_Aim of the exercise_
Among the entries that follow, locate the line with "Túi đồ nghề 16 inch Total THT26161." and the line with "Reg kz. Зеленый". Output those lines and all lines in between, exactly, minus the pictures.

_The input_
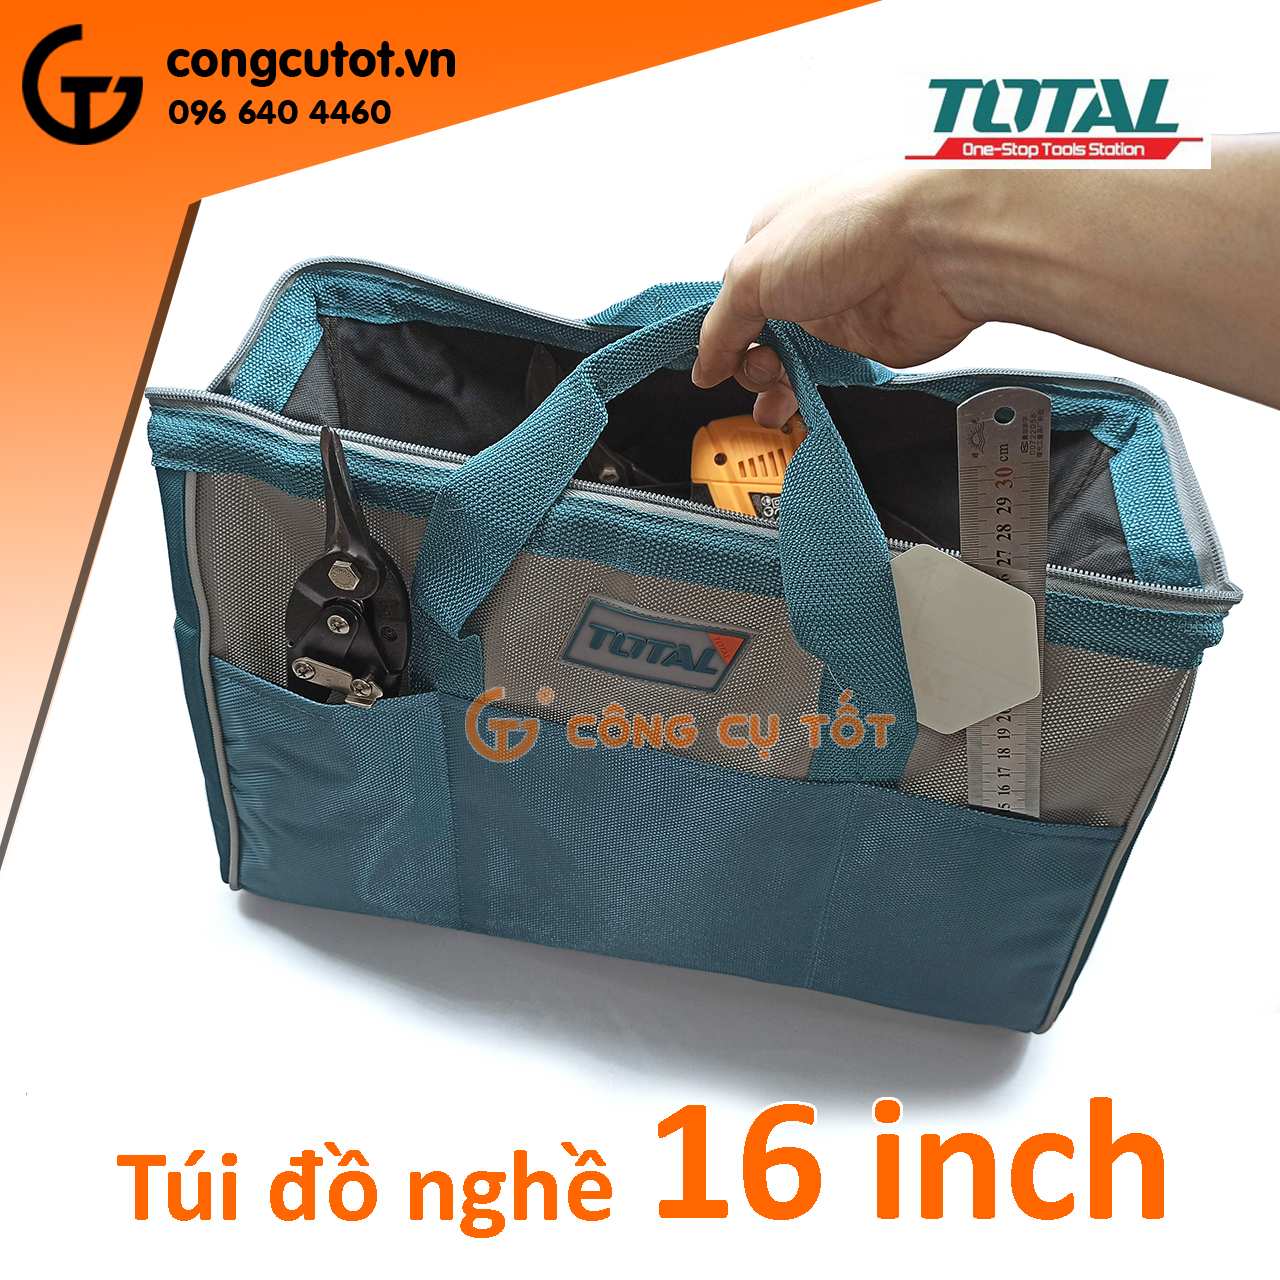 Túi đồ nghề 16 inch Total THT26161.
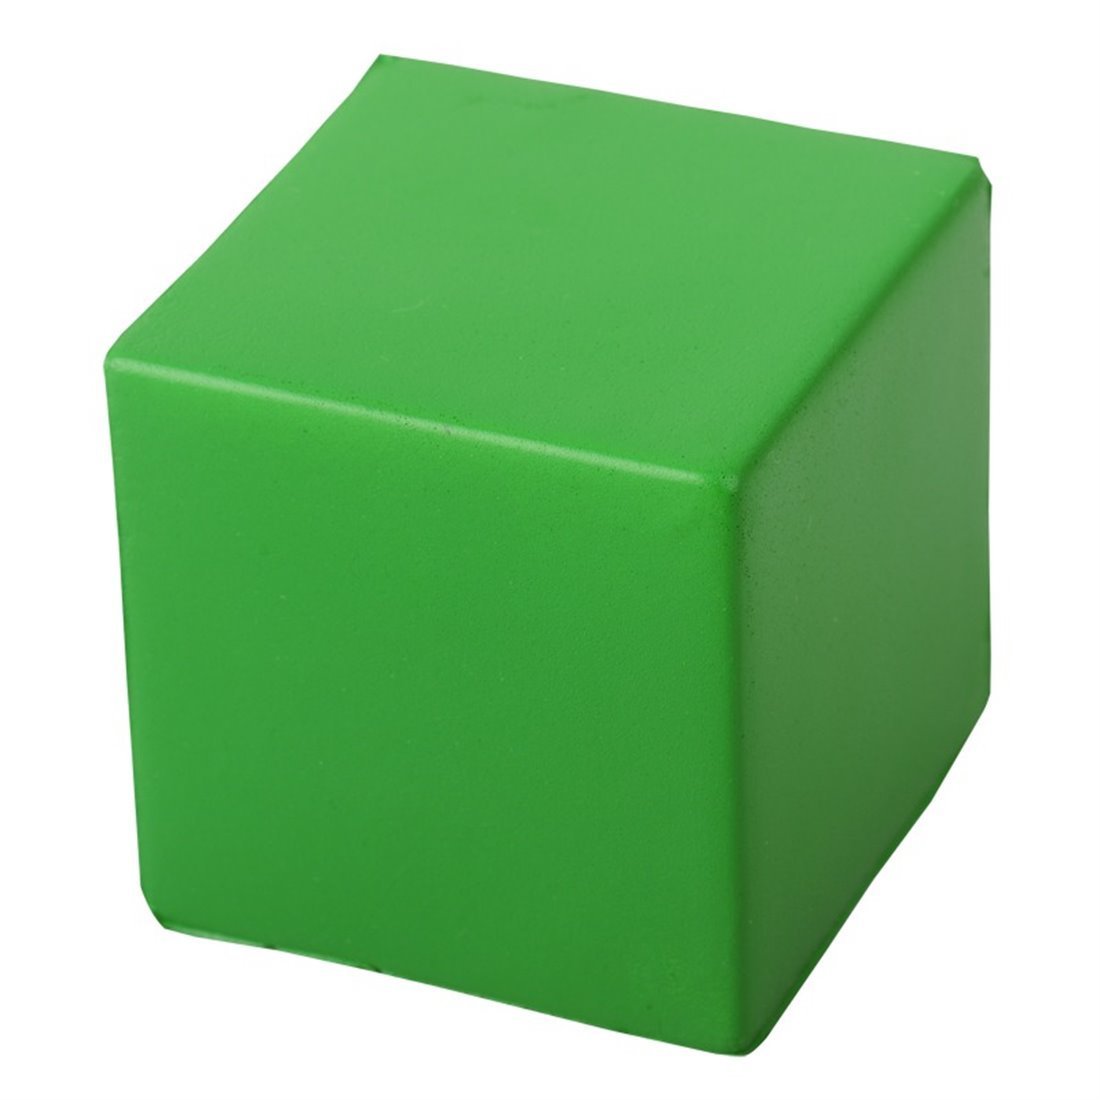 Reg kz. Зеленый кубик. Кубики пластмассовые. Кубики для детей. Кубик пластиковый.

==

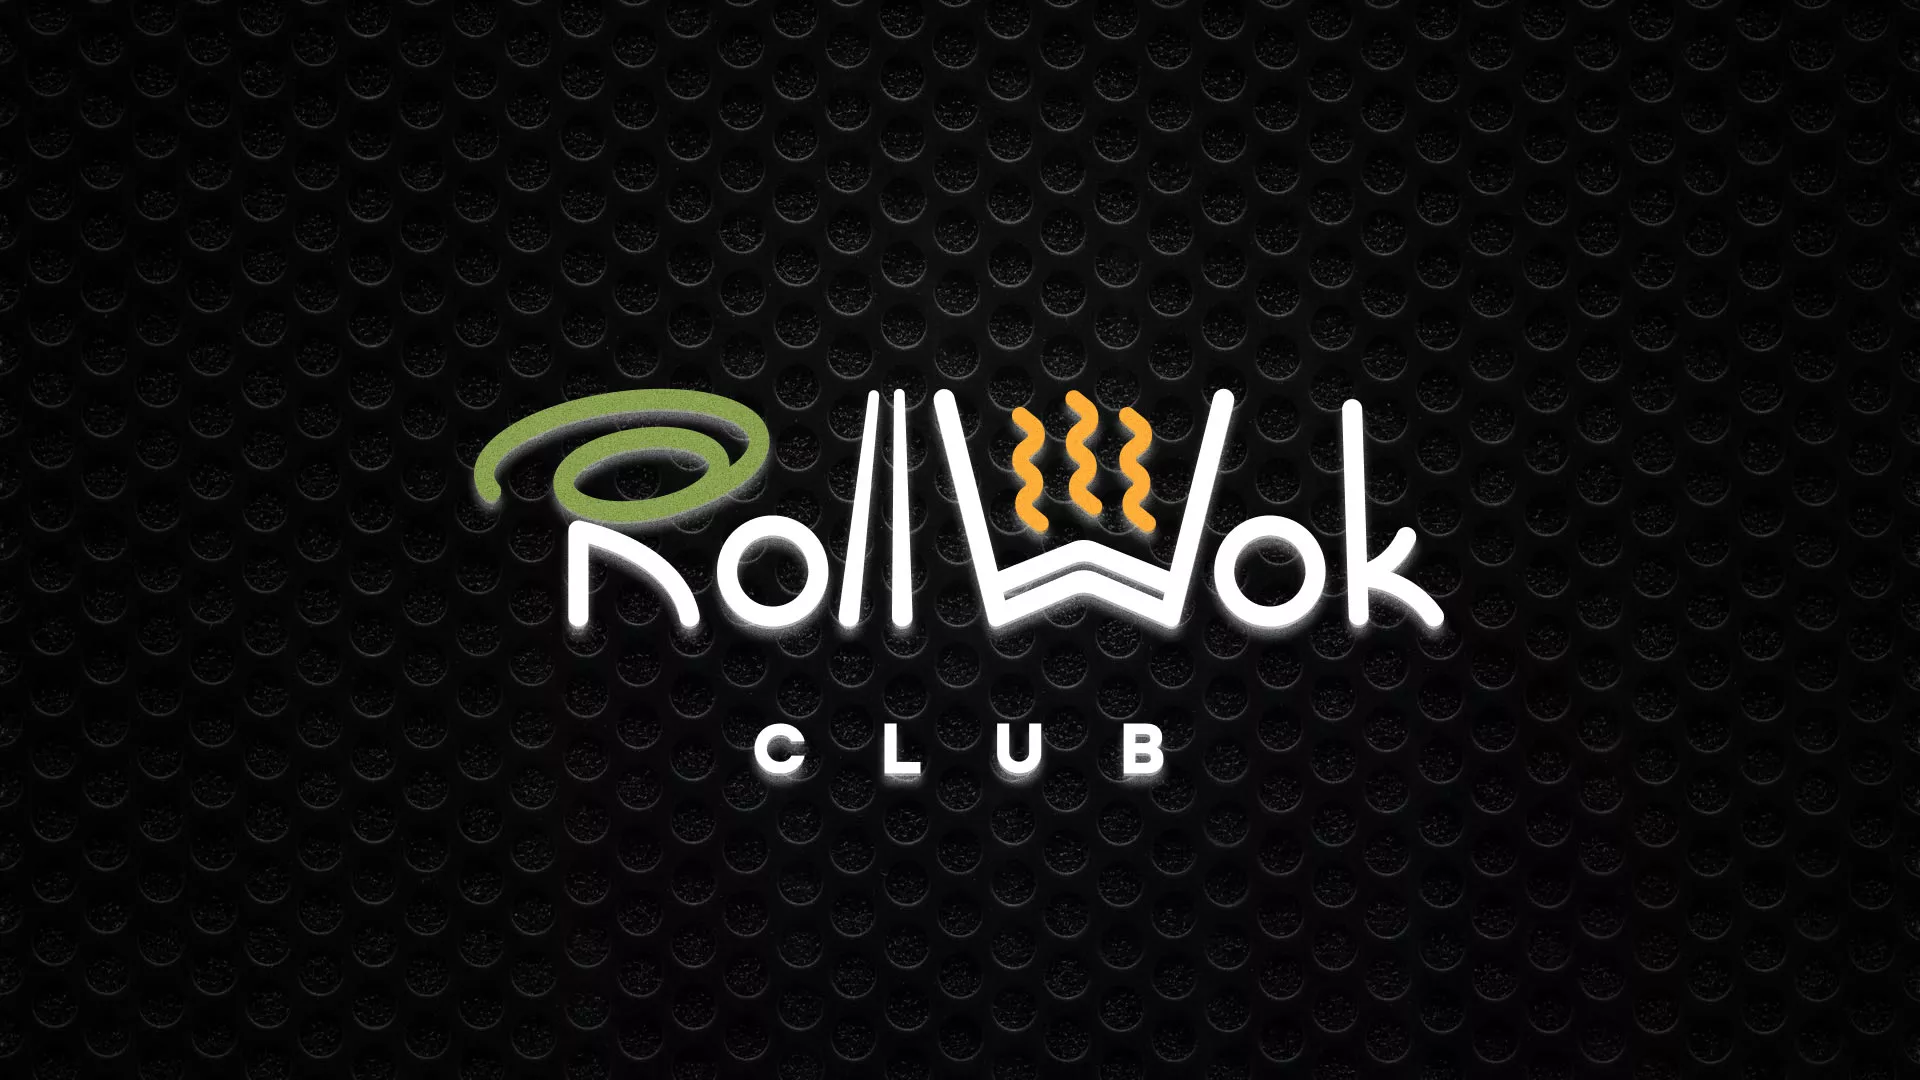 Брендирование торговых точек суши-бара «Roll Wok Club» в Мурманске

_Completed task_
 Túi đồ nghề 16 inch Total THT26161.
 Reg kz. Зеленый кубик. Кубики пластмассовые. Кубики для детей. Кубик пластиковый.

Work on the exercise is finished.